In its year of existence, Gemini CLI had built an active community around itself. More than one hundred thousand GitHub stars and six thousand merged pull requests from outside developers put it among the most popular open source AI coding tools alongside rival projects. Closing the source code in its successor means those same contributors no longer have visibility into the development of the tool they helped build.
Context Behind the Decision
Google's move fits a broader trend of consolidating AI-powered developer tools around paid plans, following a phase of aggressively giving away free access in 2025. A similar tension between free access and infrastructure costs surfaced around the same time at Anthropic, which cut back free access to Claude and then partially reversed course under public criticism. Google, unlike its rival, has so far given no sign of backing away from the new, lower limits.
Gemini Code Assist for GitHub ran for just over a year after its February 2025 launch. The tool let students, freelancers, and smaller startups hand off basic code reviews to an AI agent without paying for a subscription. The corporate version of the GitHub tool remains available unchanged.

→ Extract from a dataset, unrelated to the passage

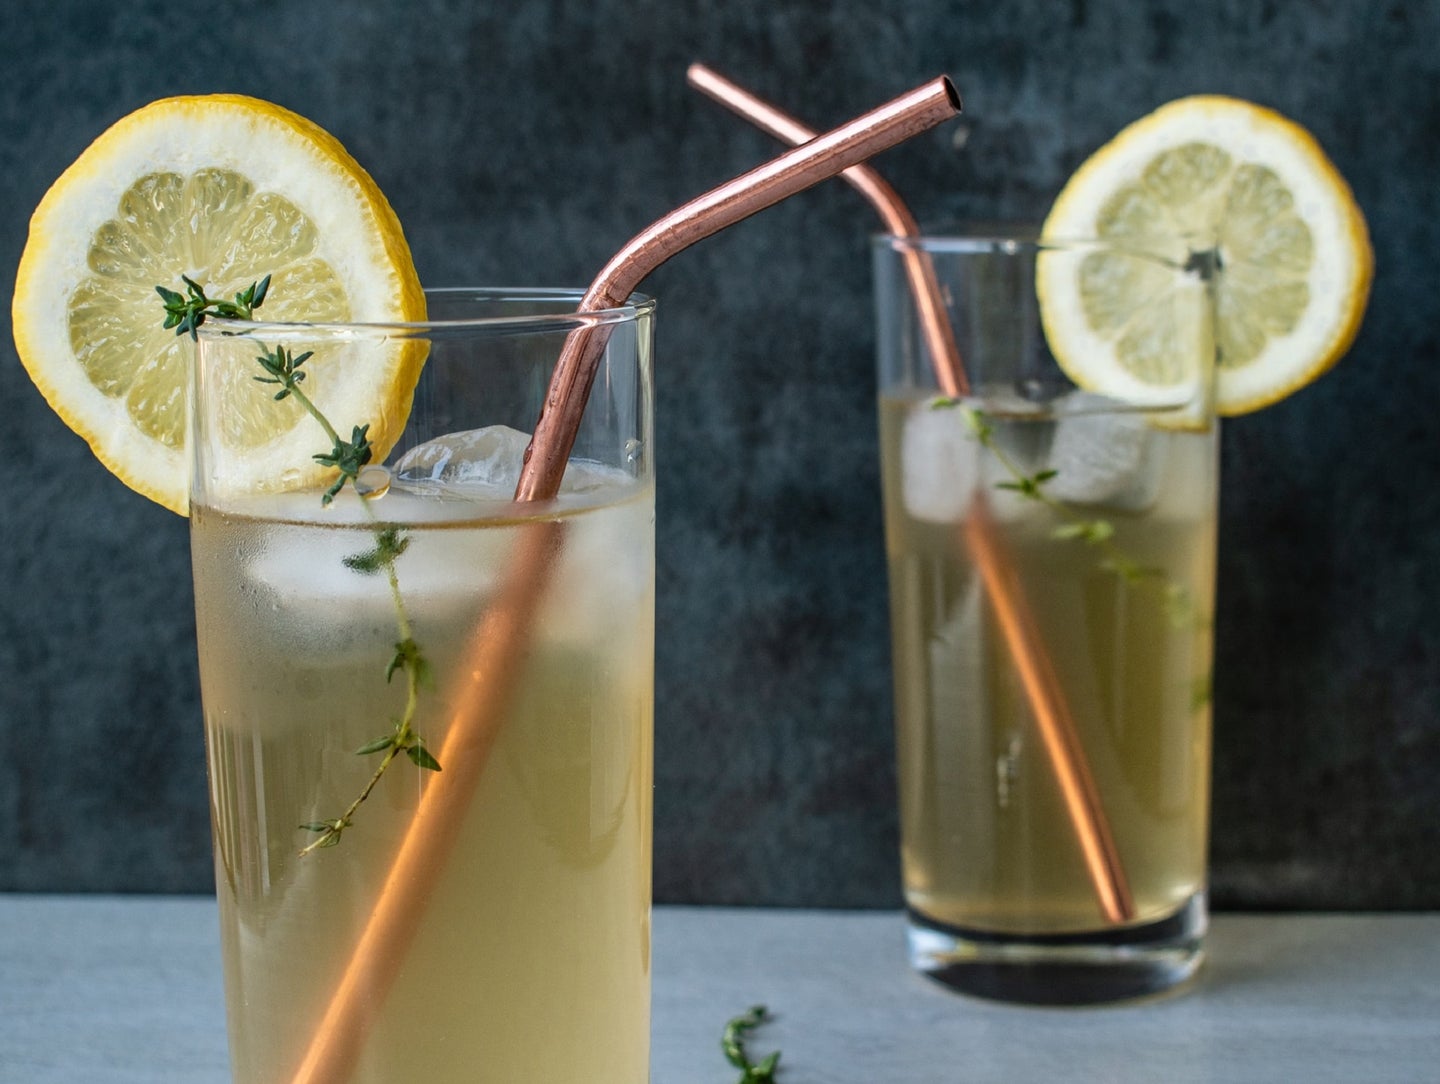 Yellow citrus home-brewed iced tea with lemon slices and metal straws in front of a black background

What It Means for Developers
For Polish development teams that had built part of their automation or free code review around Gemini tools, the change forces a choice: migrate to the paid tier of Antigravity, or switch to competing tools such as GitHub Copilot, Claude Code, or Cursor. The market for AI coding assistants remains highly competitive, and Google's decision could push some users toward rivals offering more predictable terms of free access.